A simple but effective framework of diagnosing various failures of lithium-ion batteries (LIBs) equipped inside portable smart devices is proposed. In this framework, to detect failure event of batteries from partial charging curves obtained under adaptively varying charging scenarios, which are frequently the only dataset available from lithium ion battery packs equipped inside portable smart devices, partial charging data are mapped into characteristic statistical entity which we refer to as likelihood vector. Likelihood vectors are calculated by referring to probability distribution functions (PDFs) of voltage and current obtained from the experiments simulating various degradation/abuse conditions for LIBs. Compared to the brute-force training method using partial charging curves to train multi-layer perceptron (MLP) classifier models, training assisted by likelihood vectors leads to improvements in test set classification accuracy by 26 – 85% according to the size of neural networks.

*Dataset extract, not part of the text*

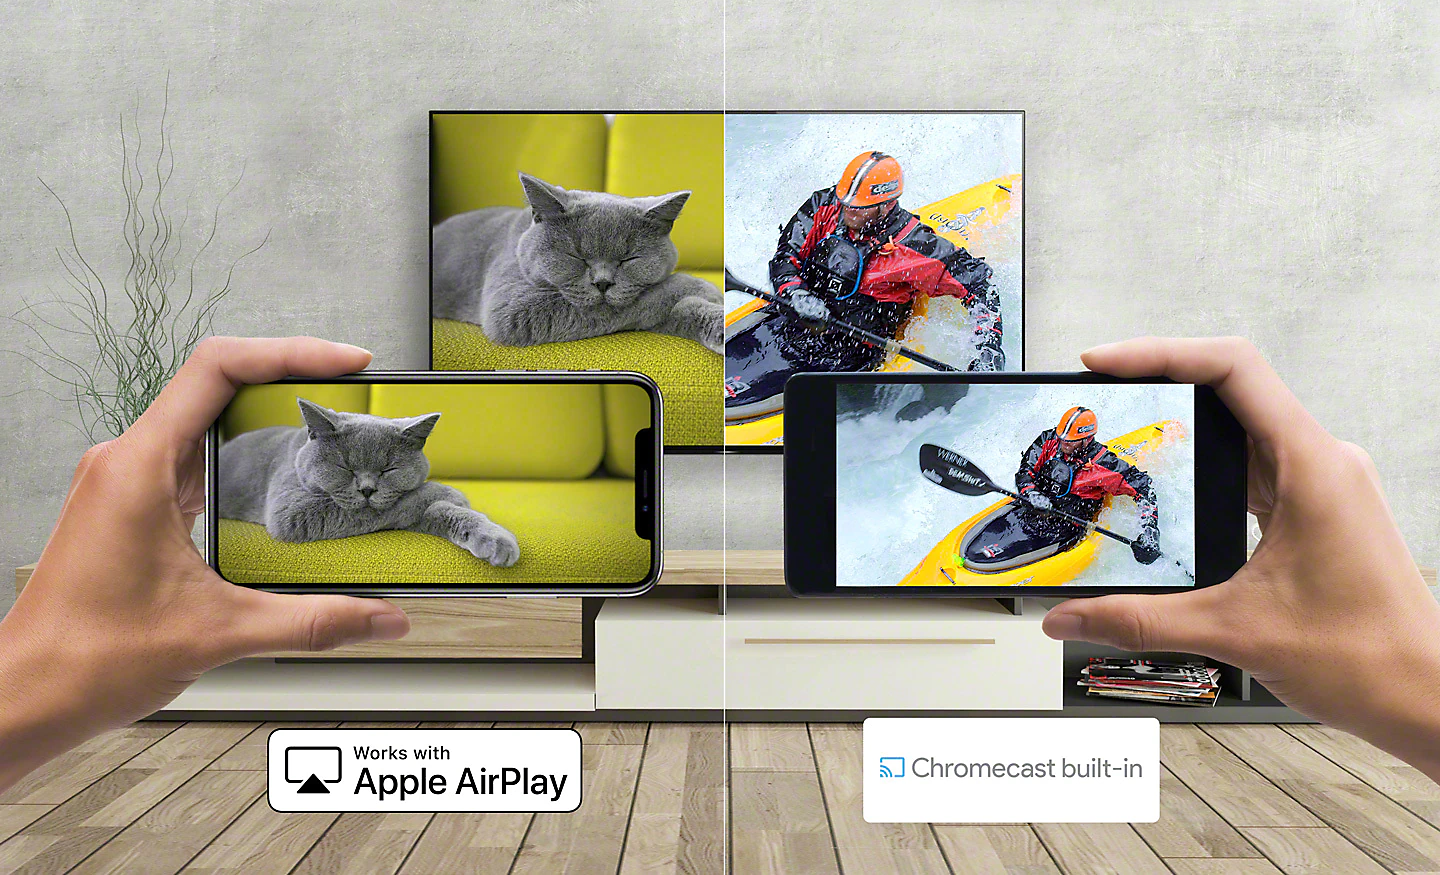 Images d'un chat et d'un canoéiste diffusées depuis un smartphone sur un téléviseur

As a result, the optimized classification model achieves 99.8% precision for healthy data classification and 97.3% of average precision for abused data classification, reaching overall classification accuracy of 97.8%. Furthermore, by monitoring the failure index calculated from the cumulated list of detections made, it is experimentally demonstrated that the thermal runaway and resultant fatal explosion event of lithium pouch cell under operando dent test can be predicted before the event actually occurs.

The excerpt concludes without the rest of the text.